Shared infrastructure for reasoning gym environments (math, puzzles, logic)
Project description
chuk-gym-core
Shared infrastructure for building reasoning gym environments for training and evaluating AI reasoning capabilities.
What is this?
chuk-gym-core is a Python library that provides the foundational components for creating reasoning gym environments - structured environments where AI models can practice and be evaluated on logical reasoning, mathematical problem-solving, and constraint satisfaction tasks.
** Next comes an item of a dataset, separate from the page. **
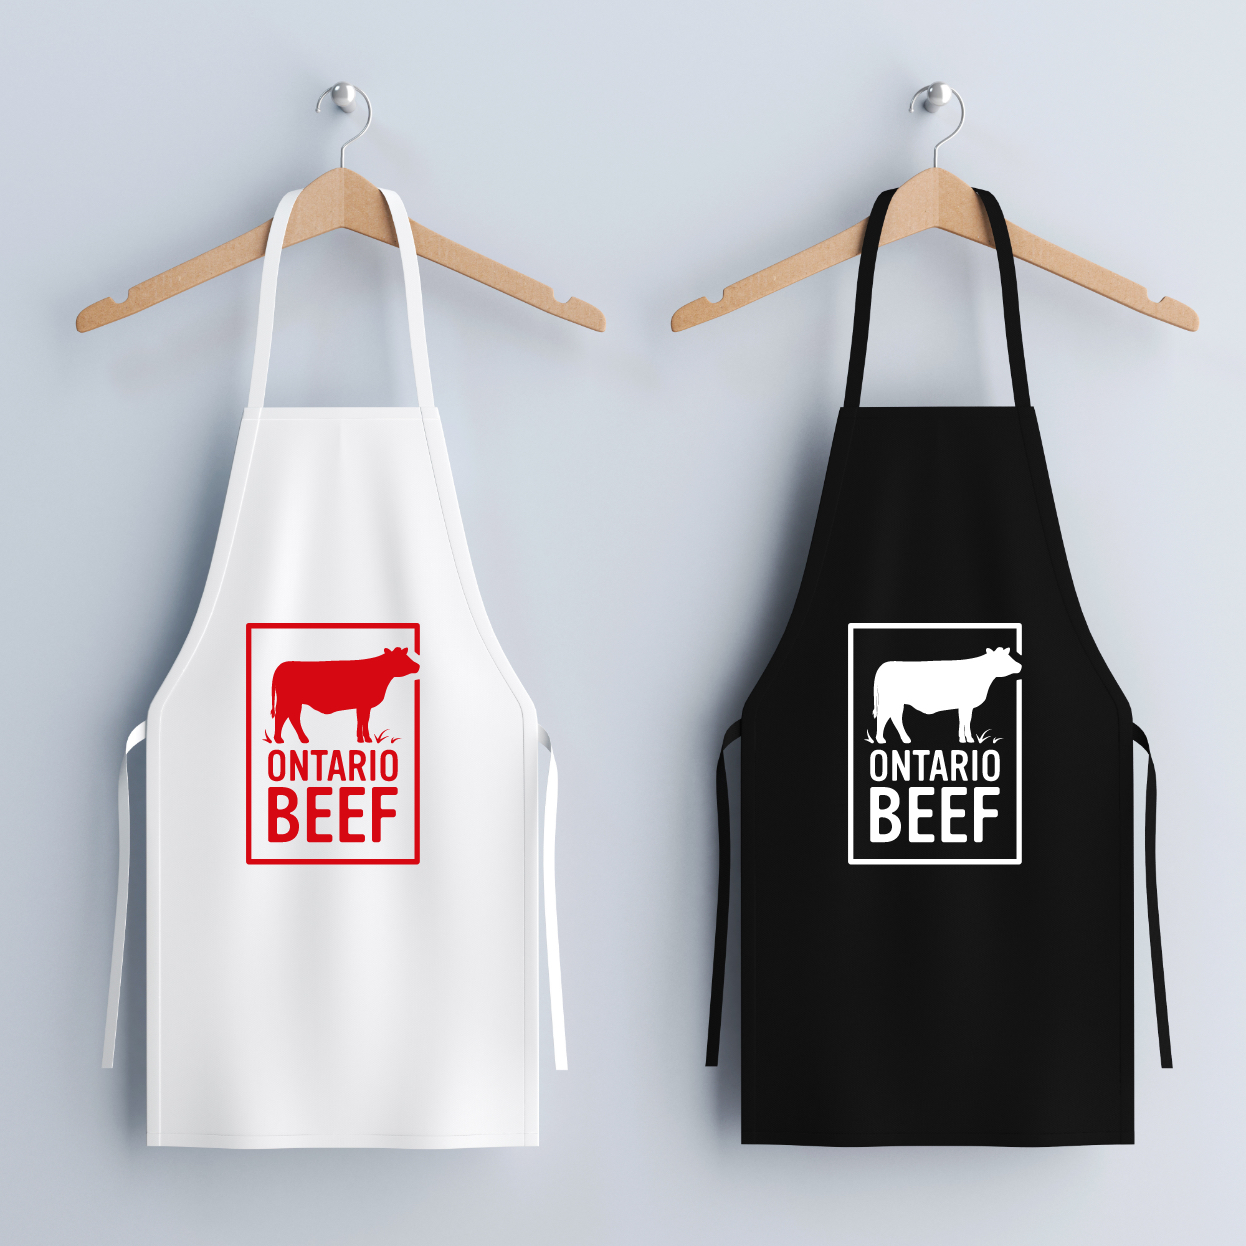 Ontario beef logo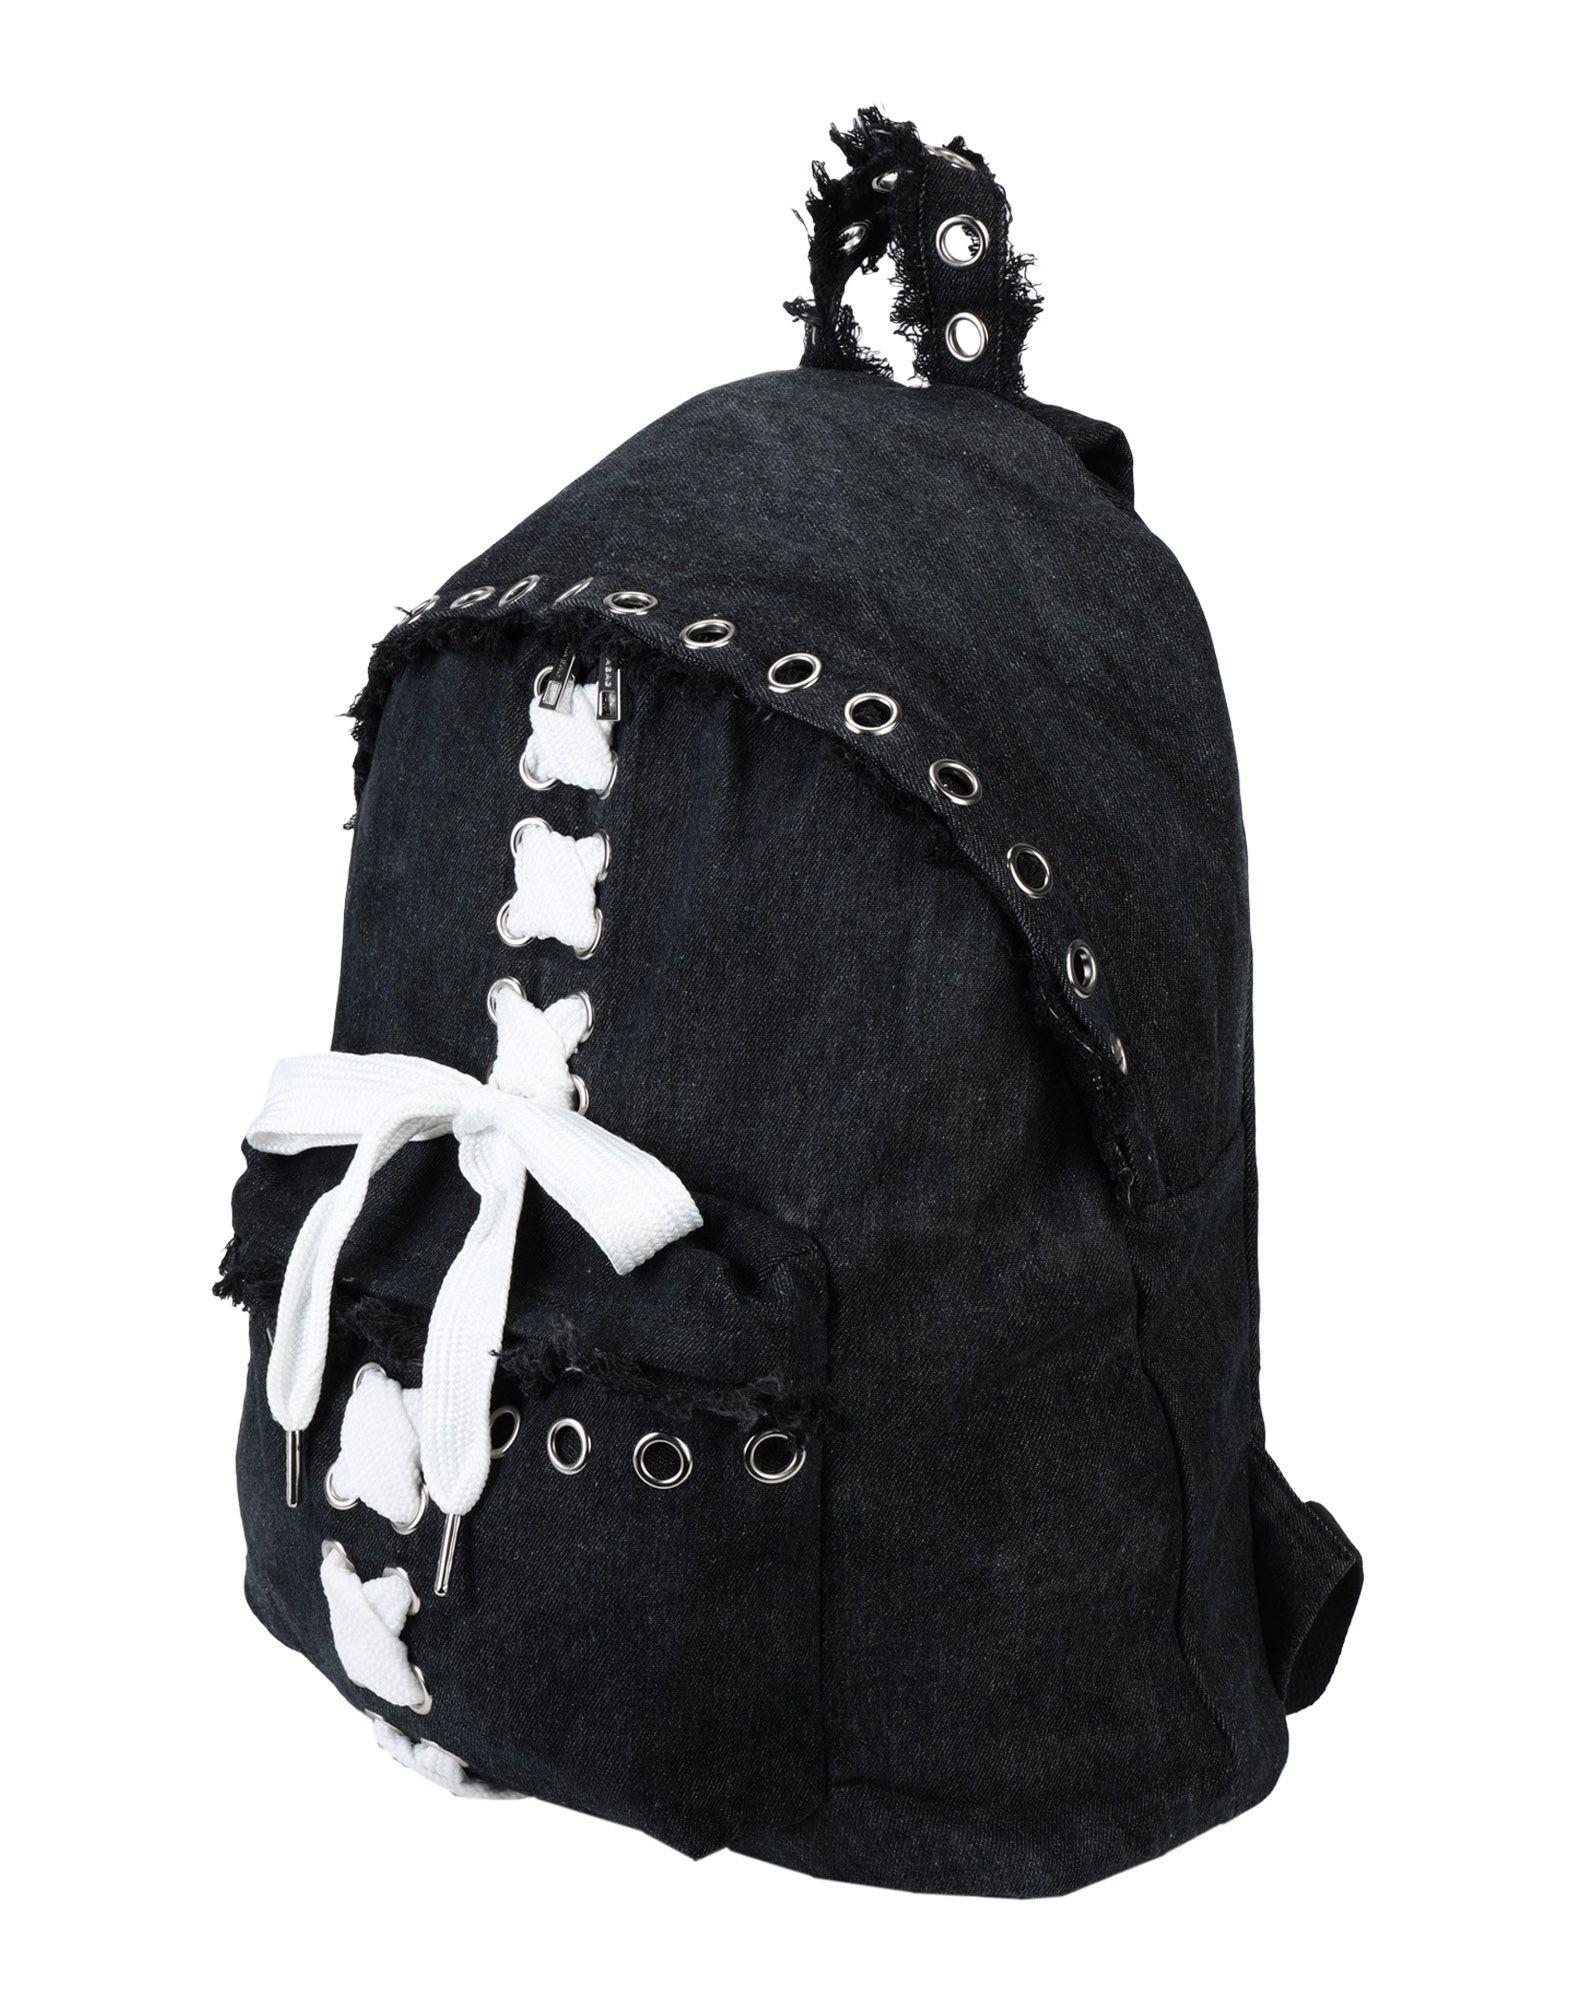 Фото - MIA BAG Рюкзаки и сумки на пояс cow leather tote bag brand 2018 bolsa feminina new women handbag 100% genuine leather alligator shoulder bag free shipping

Think of it like OpenAI Gym, but specifically designed for:
- Training reasoning models with step-by-step verification
- Generating synthetic reasoning datasets for fine-tuning LLMs
- Evaluating AI reasoning capabilities with partial credit scoring
- Curriculum learning that adapts difficulty based on performance
Key Concepts
- Problems: Self-contained reasoning challenges with prompts and gold answers
- Traces: Machine-checkable solution traces showing each reasoning step
- Environments: Async interfaces for interactive problem-solving with rewards
- Verification: Automatic answer checking with error classification
- Curriculum: Progressive difficulty scheduling for training
Use Cases
- Training Data Generation: Generate millions of math/logic problems with verified solutions
- RL Training: Use environments with reward signals for reinforcement learning
- Model Evaluation: Test reasoning capabilities with partial credit and error analysis
- Dataset Export: Export to JSONL, chat, or instruction formats for fine-tuning
Overview
chuk-gym-core provides the unified foundation for reasoning gym environments:
- chuk-math-gym: Mathematical reasoning environments (arithmetic, algebra, etc.)
- puzzle-arcade-server: Logic puzzle environments (sudoku, kenken, etc.)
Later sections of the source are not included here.